和光市にお住まいで重度訪問介護をご検討中の方は、まずは今お使いの障害者手帳や受給者証の有無を、お手元で確認するところから始めてみてください。手帳がまだない場合でも、市役所の窓口で手帳の申請と障害福祉サービスの相談を同時に進めることができます。

お電話(048-871-6572)またはお問い合わせフォームから、お気軽に無料相談にお申し込みください。

よくある質問

和光市で重度訪問介護を申請したいのですが、まず何をすればいいですか?

まずは和光市役所 障害福祉課 障害支援担当(048-424-9123)にお電話いただくか、窓口にご相談ください。障害者手帳をお持ちでない場合は、手帳の申請とあわせて案内してもらえます。

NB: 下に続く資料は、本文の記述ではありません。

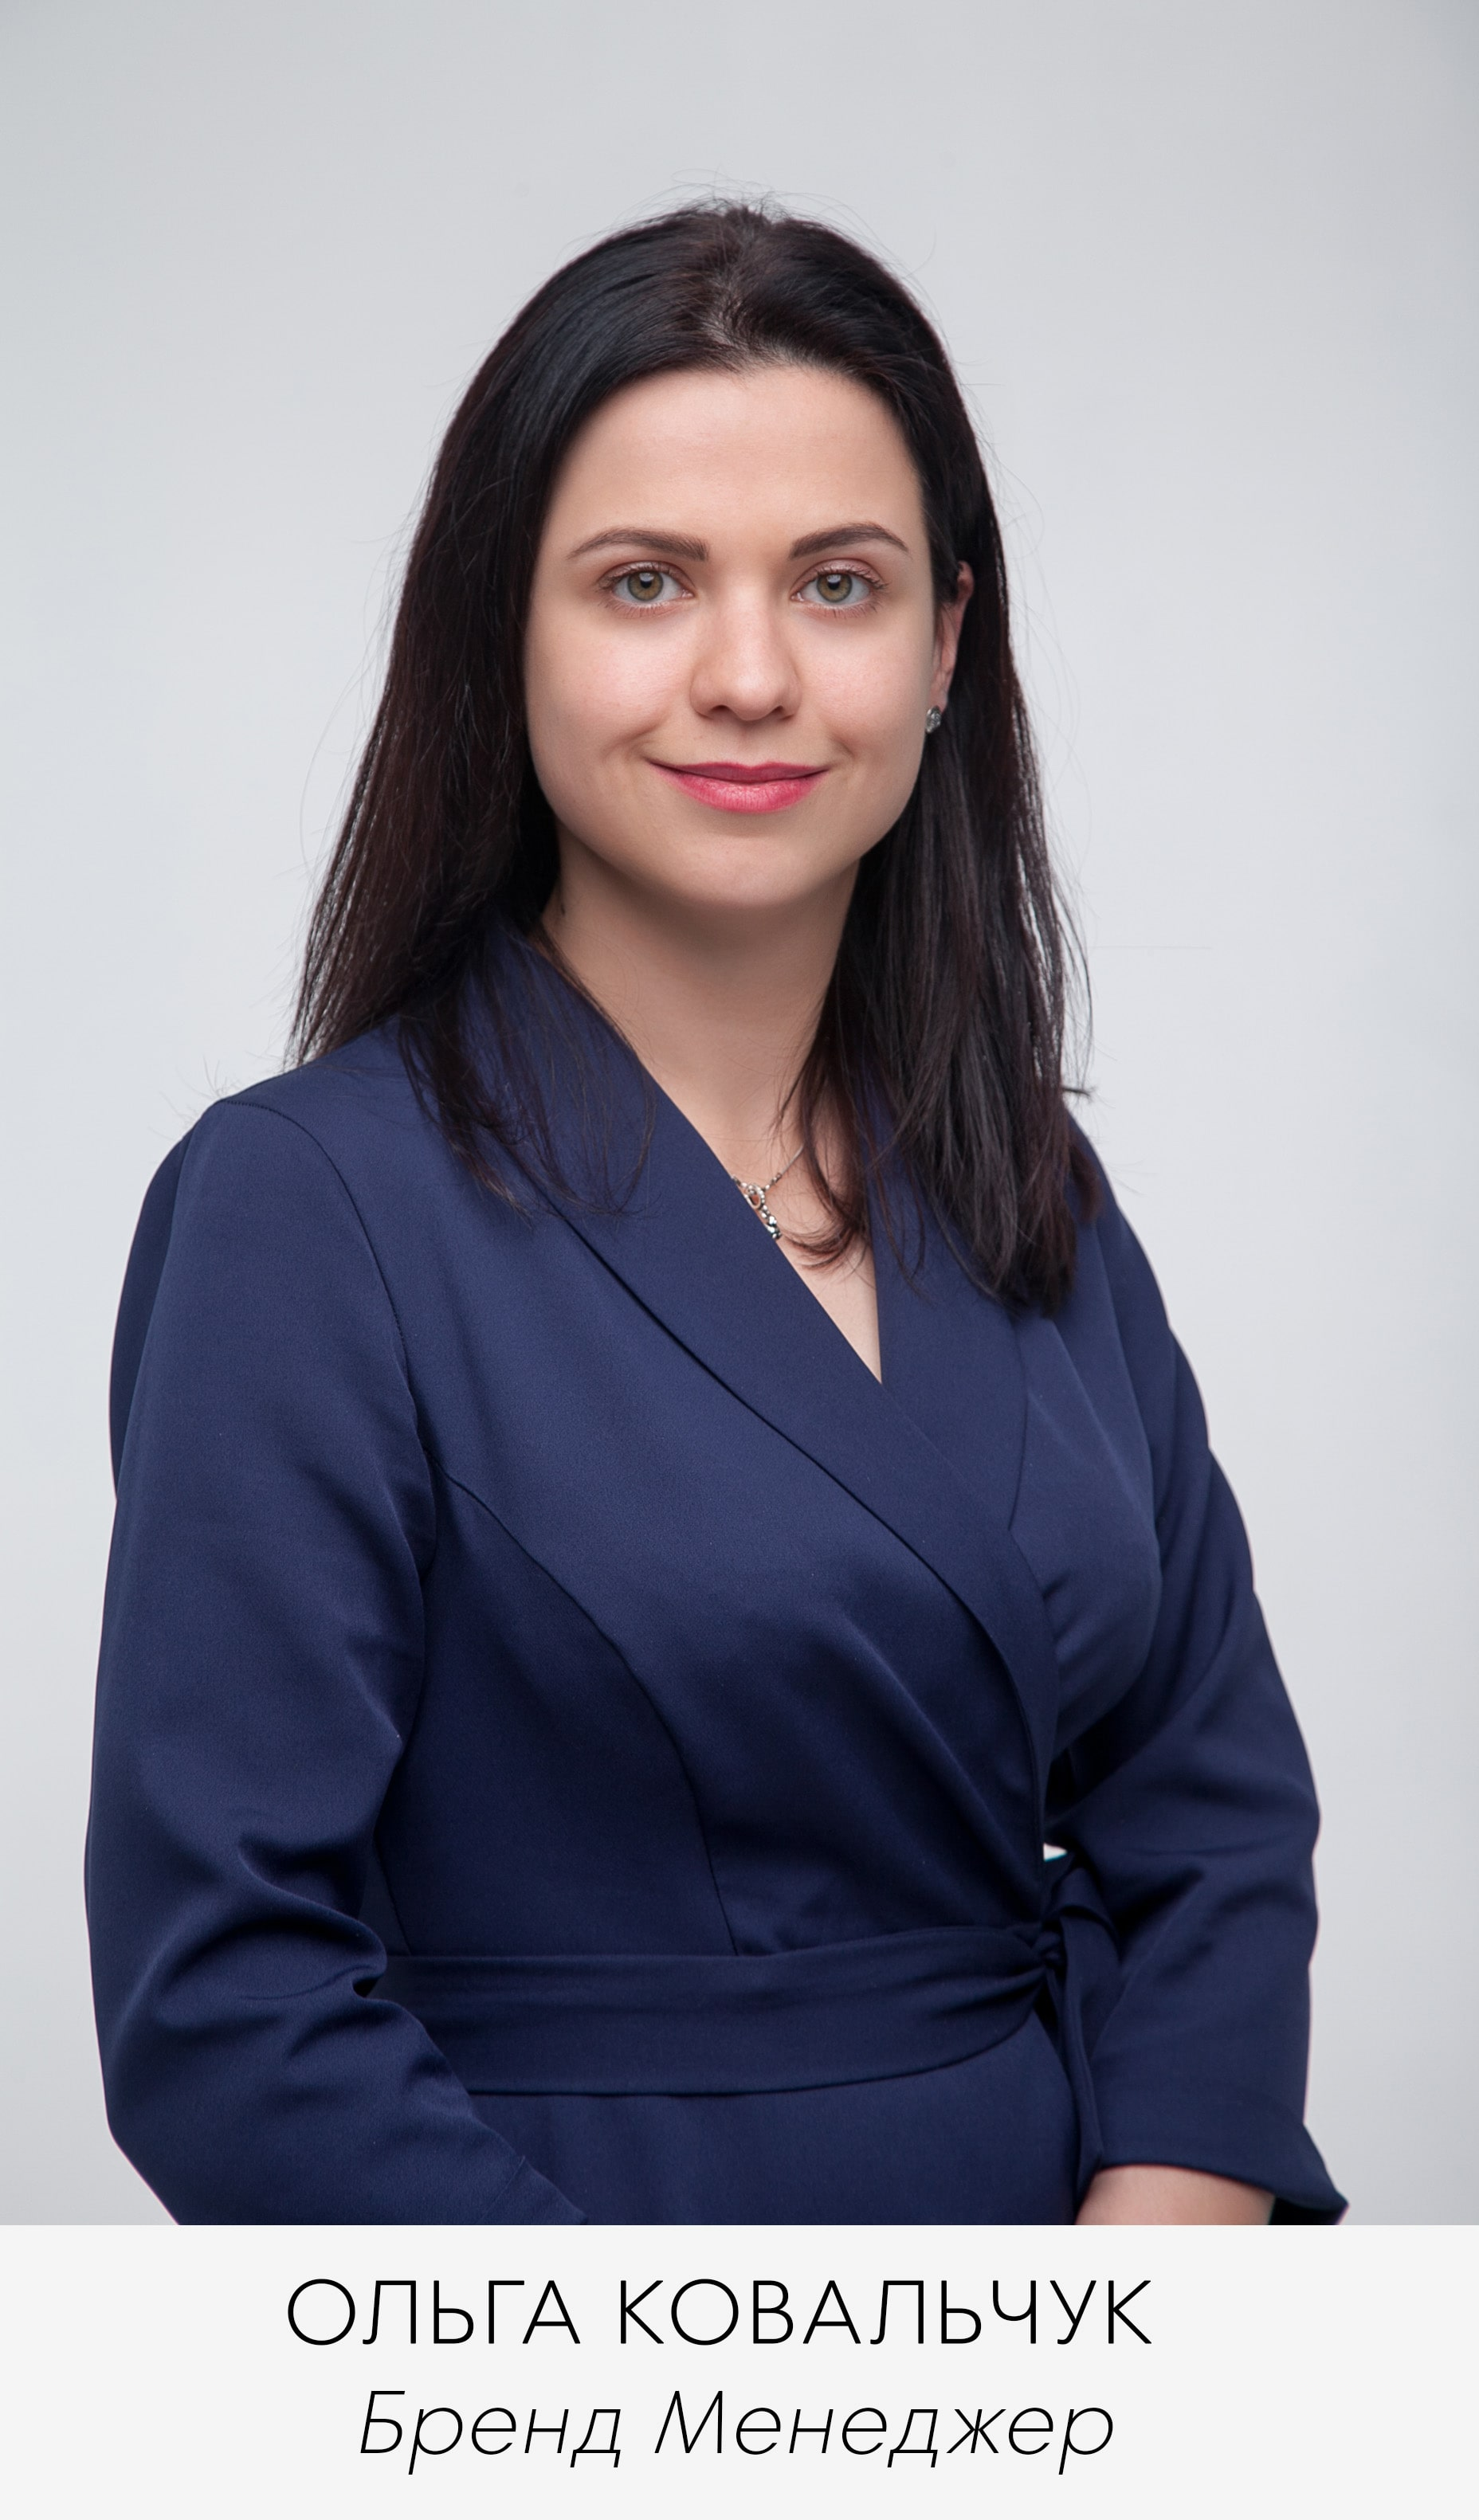 Olga-Kovalchuk-brand-manager-1-min.jpg

障害支援担当と障害給付担当、どちらに電話すればいいですか?

重度訪問介護の利用相談・申請は障害支援担当(048-424-9123)です。障害者手帳や各種手当についての相談は障害給付担当(048-424-9139)が窓口になります。迷った場合は支援担当にかければ、必要に応じて給付担当につないでもらえます。

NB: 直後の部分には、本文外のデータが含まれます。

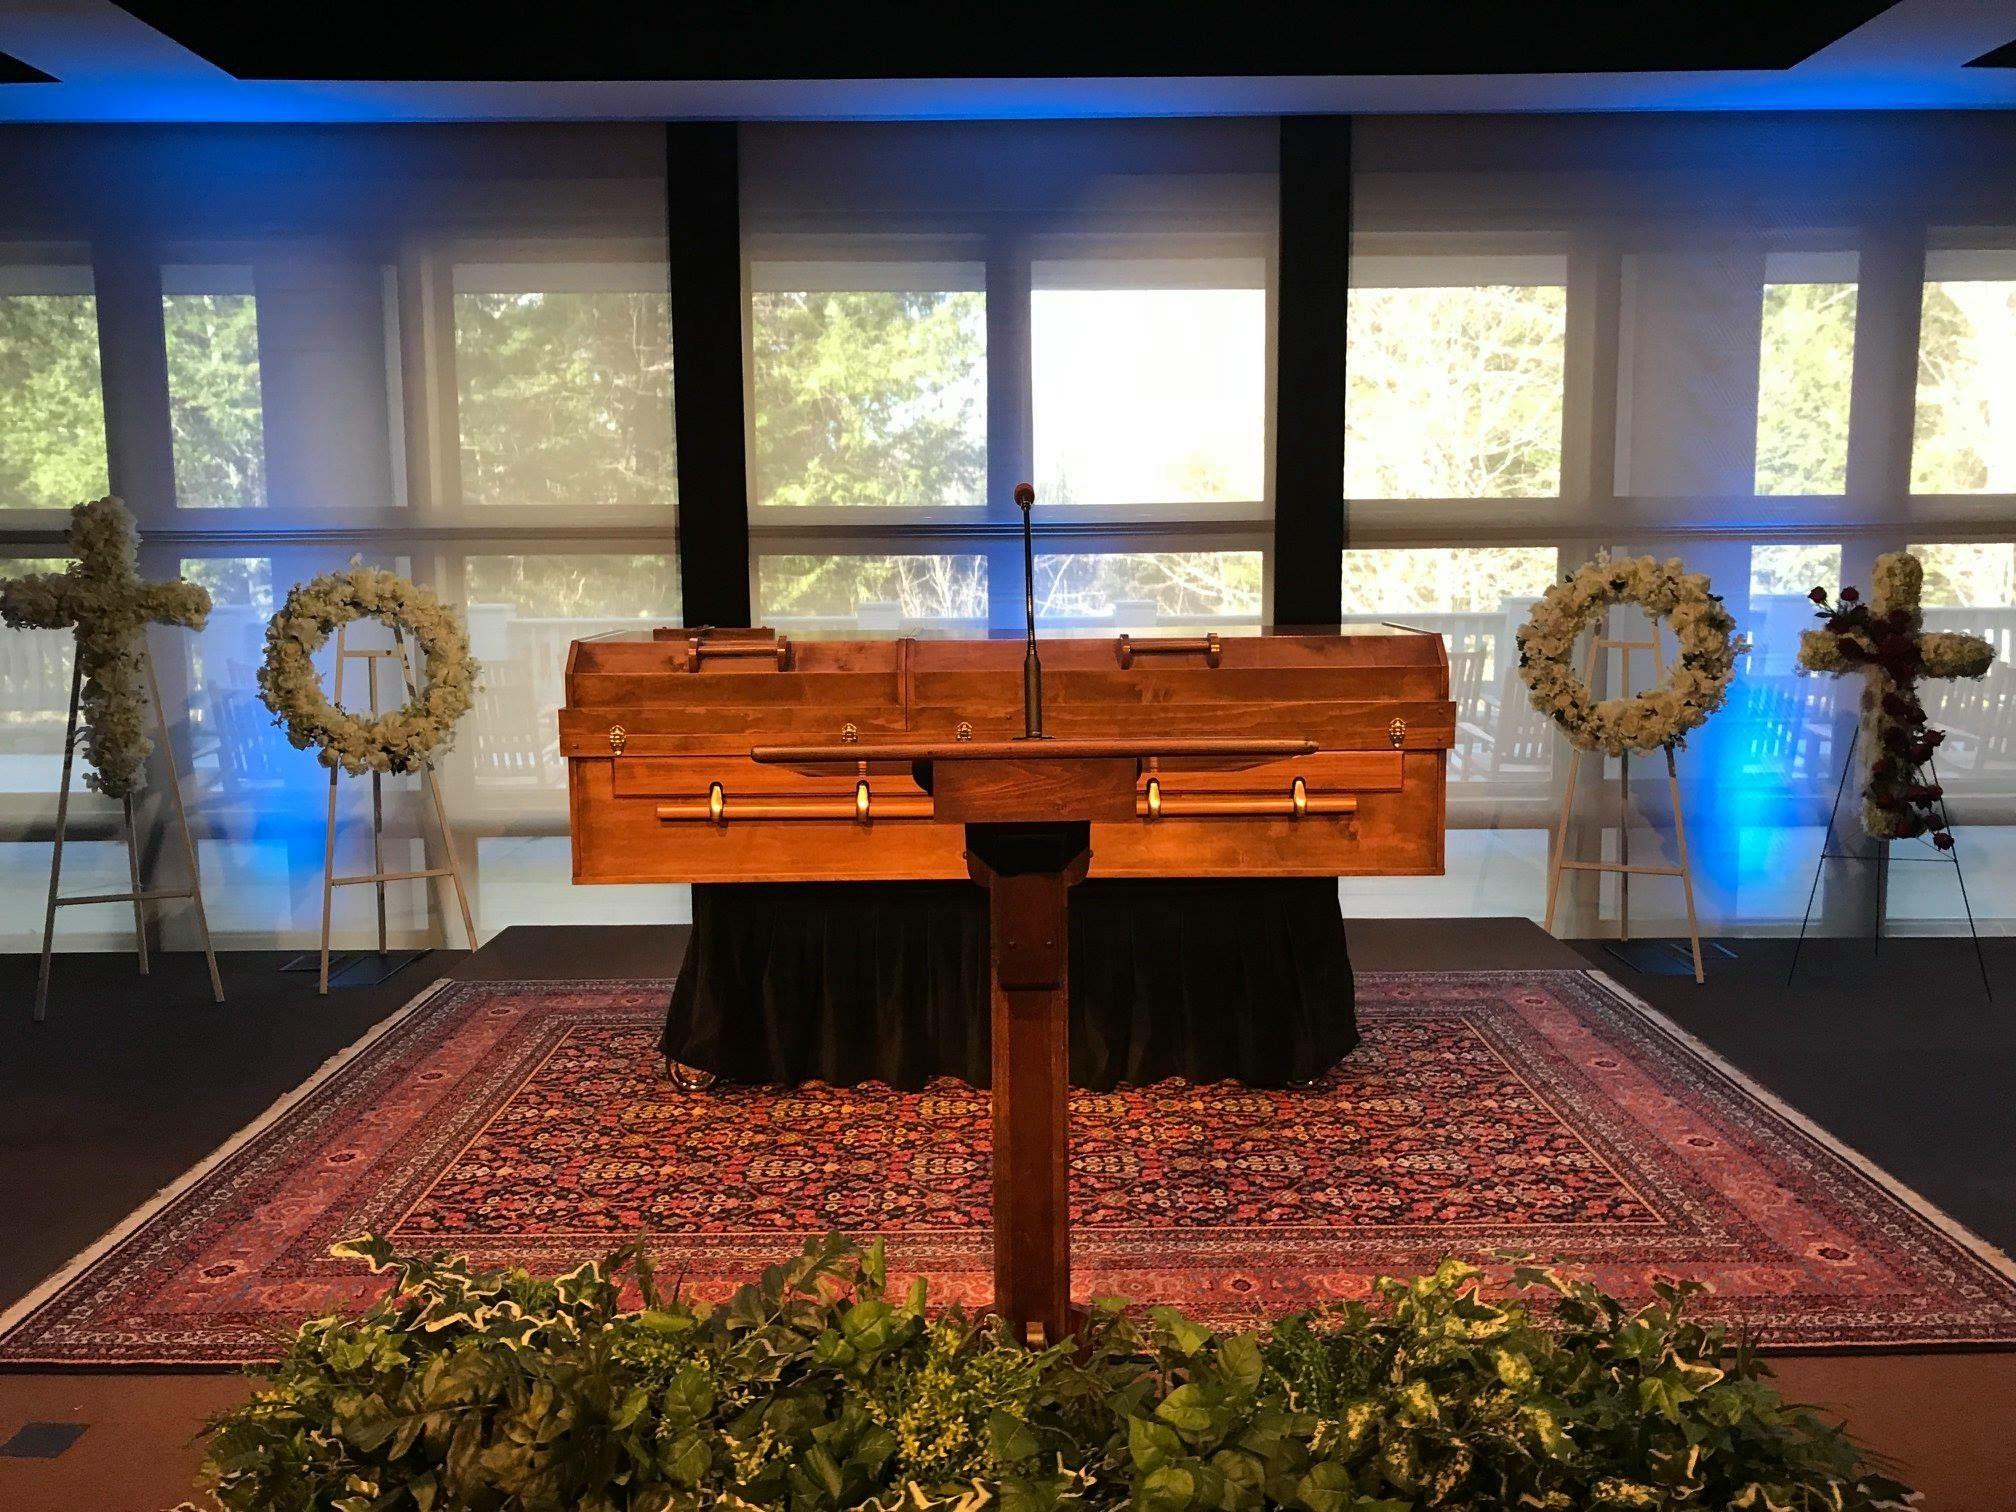 Billy graham billy graham billy graham funeral pastor

申請から実際にサービスを使えるまで、どのくらいかかりますか?

和光市の公式案内では「申請から利用開始までは概ね3か月程度」と明記されています。認定調査・勘案事項調査・市町村審査会を経る手続きのため、この目安を踏まえて早めに動き出すのが現実的です。正確な見込みは申請時に窓口でご確認ください。

朝霞市や新座市など、和光市の隣の市に住んでいます。同じ窓口で申請できますか?

いいえ、障害福祉サービスの申請窓口はお住まいの市区町村ごとに異なります。朝霞市・新座市・志木市にお住まいの場合は、それぞれの市の障害福祉担当窓口に申請してください。

認定調査ではどんなことを聞かれますか?

移動・食事・入浴などの日常生活動作、意思疎通、行動面、医療的ケアの必要性など80項目について聞き取りが行われます。詳しい項目と答え方の基準は、障害支援区分の認定調査で聞かれる80項目|家族が知っておきたい答え方の基準で解説しています。